Она привела его знакомиться с семьей уже через две недели после знакомства, еще через месяц они поженились, и Маруся теперь спала не в маминой комнате, а в бабушкиной, а еще через пару недель начался для Маруси ад. Что бы она ни делала, — «дядя Витя» был ей недоволен. Однажды они пошли гулять. Дядя Витя, мама и Маруся. Они шли по улице, и у Маруси развязался шнурок. Она наклонилась и долго его завязывала, но пальчики не слушались и красивый бантик из шнурка никак не получался, и тогда она просто засунула концы шнурка в ботинок. Дядя Витя увидел это и начал над ней смеяться, мол вон уже какая большая, скоро замуж отдавать (Марусе было только шесть), а шнурки завязывать не умеет. А потом у каждого встречного ребенка в парке спрашивал — умеет ли он завязывать шнурки. И показывал пальцем на Марусю со словами: «А вот она — не умеет!». Мама при этом почему-то смеялась, а Маруся глотала слезы, горькие и противные.

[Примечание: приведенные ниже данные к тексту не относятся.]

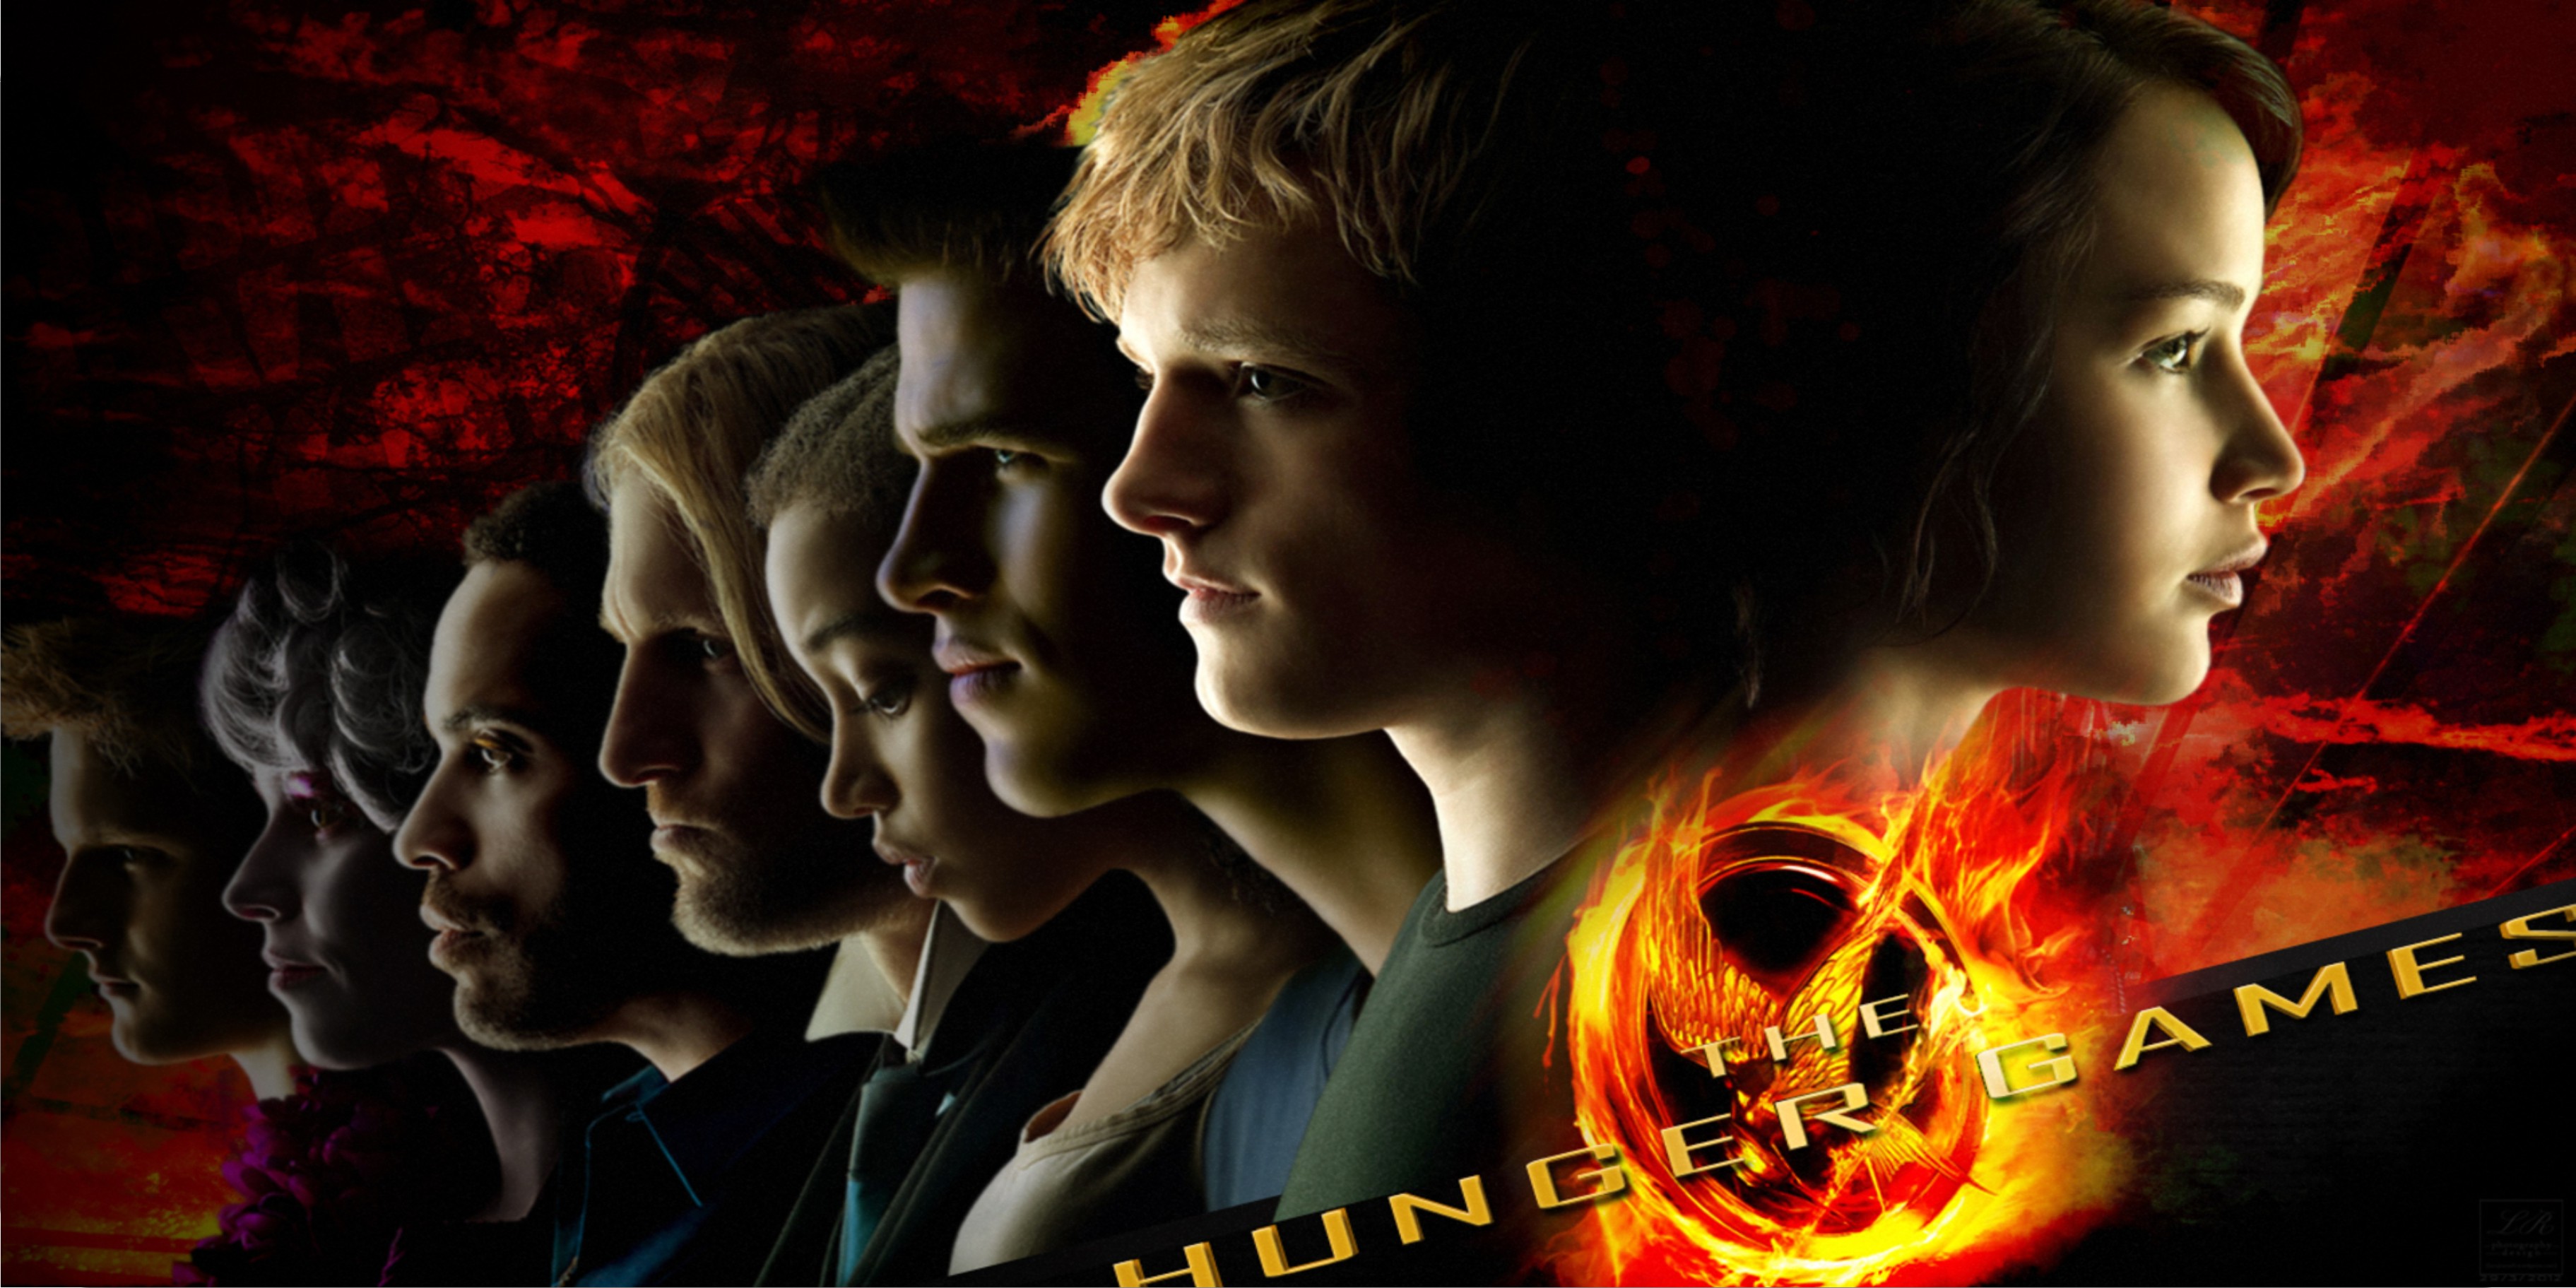 The Hunger GAMEs Profile Photo License Plate

Поначалу Марусе очень хотелось, чтобы этот новый человек ее полюбил как родную дочь. Она приносила ему газету, когда он садился ужинать, аккуратно складывала в шкаф его брошенную на диван одежду, чистила щеткой с черным кремом его ботинки, стоящие в прихожей. Но это все почему-то не нравилось Дяде Вите, он раздражался, кричал на Марусю. Его раздражало само присутствие Маруси. Она никак не могла понять — почему.

Почти все время Маруся теперь проводила не с мамой, а с бабушкой. Это было непривычно и непонятно, мама все время была с Дядей Витей. Они ходили в гости или кто-то приходил к ним. Все взрослые сидели на кухне, смеялись, кричали, курили. А Маруся сидела в бабушкиной комнате на диване и листала книги.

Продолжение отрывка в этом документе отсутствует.